The best docking-based binding pose of each compound was subsequently relaxed in explicit water solvent with AMBER 16 [62]. The AMBER force field ff14SB [63] was used for standard amino acids, while Zn(II) ion was modeled using the cationic dummy atom model [64]. Gaff2 force field was used for small molecules parameters [65]. Each system was solvated by a 10 Å cuboid box of explicit TIP3P-type water molecules. To neutralize the whole charge, the required number of Na+ counterions was then added. Water molecules were first minimized (1000 steps with the steepest descendent algorithm (SD) and additional 2000 steps with the conjugate gradient algorithm (CG)), while the protein was kept frozen. Then, the whole system was minimized by means of 1500 steps of SD and 13,500 steps CG.

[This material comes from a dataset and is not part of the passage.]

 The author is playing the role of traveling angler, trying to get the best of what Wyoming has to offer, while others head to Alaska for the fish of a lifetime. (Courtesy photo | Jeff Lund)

The electrostatic surface potential of hCA IX and hCA XII was calculated with APBS 1.4.1 with the nonlinear Poisson−Boltzmann equation using the default parameters [66].

Figures describing ligands binding modes and electrostatic surfaces of compound 7 and hCAs were generated with PyMol [67].

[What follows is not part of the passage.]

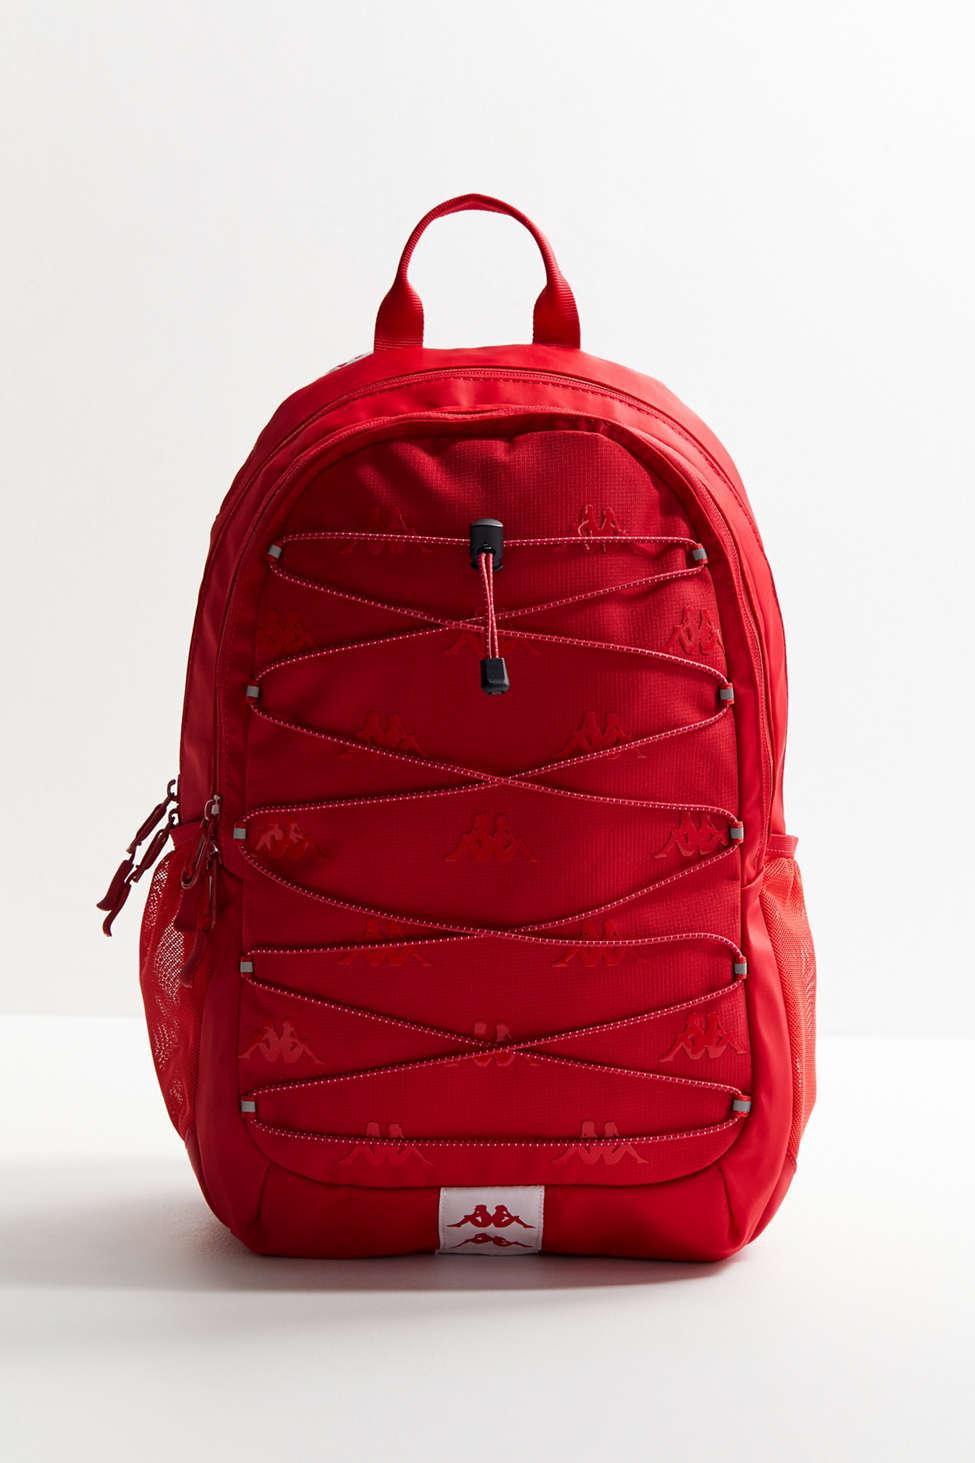 Kappa Synthetic The Prmium Backpack In Dark Red And White - Lyst

The electrostatic surface potential for compound 7 was calculated using the Schrödinger’s Maestro Suite for molecular modelling by solving the Poisson−Boltzmann equation and using the partial charges of the molecules 7 [68].

3.2. CA Inhibition

An applied photophysics stopped-flow instrument has been used for assaying the CA catalysed CO2 hydration activity [54]. Phenol red (at a concentration of 0.2 mM) has been used as indicator, working at the absorbance maximum of 557 nm, with 20 mM Hepes (pH 7.5) as buffer, and 20 mM Na2SO4 (for maintaining constant the ionic strength), following the initial rates of the CA-catalysed CO2 hydration reaction for a period of 10–100 s. The CO2 concentrations ranged from 1.7 to 17 mM for the determination of the kinetic parameters and inhibition constants. For each inhibitor, at least six traces of the initial 5–10% of the reaction have been used for determining the initial velocity. The uncatalysed rates were determined in the same manner and subtracted from the total observed rates. Stock solutions of inhibitor (0.1 mM) were prepared in distilled–deionized water, and dilutions up to 0.01 nM were done thereafter with the assay buffer. Inhibitor and enzyme solutions were preincubated together for 15 min at room temperature prior to assay, in order to allow for the formation of the enzyme–inhibitor complex. The inhibition constants were obtained by non-linear least-squares methods using PRISM 3 and the Cheng–Prusoff equation, as reported earlier [69,70,71], and represented the mean from at least three different determinations. All CA isoforms were recombinant ones obtained in-house as reported earlier [70,71,72,73].

4. Conclusions

Nowadays, the development of isoform-selective CAIs has become a major focus in the discovery of innovative therapies for a wide range of human diseases.

Starting from the pan-hCAs inhibitor GV2-20, in this study we performed a tail approach in order to improve potency and selectivity of inhibition among hCAs. Notably, almost all tested compounds showed potent inhibition of hCA IX and increased selectivity with respect to other isoforms such as the widely expressed cytosolic hCA I and hCA II. Of note, compound 10 emerged as the most promising inhibitor of the tumor-associated isoforms hCA IX and hCA XII with an impressive hCA II/hCA IX and hCA II/hCA XII selectivity index, while compound 7 was a low nanomolar and highly selective inhibitor of hCA IX with the highest ligand efficiency. Finally, the 3-nitrobenzoic acid was confirmed as a good scaffold for the design of CAs inhibitors.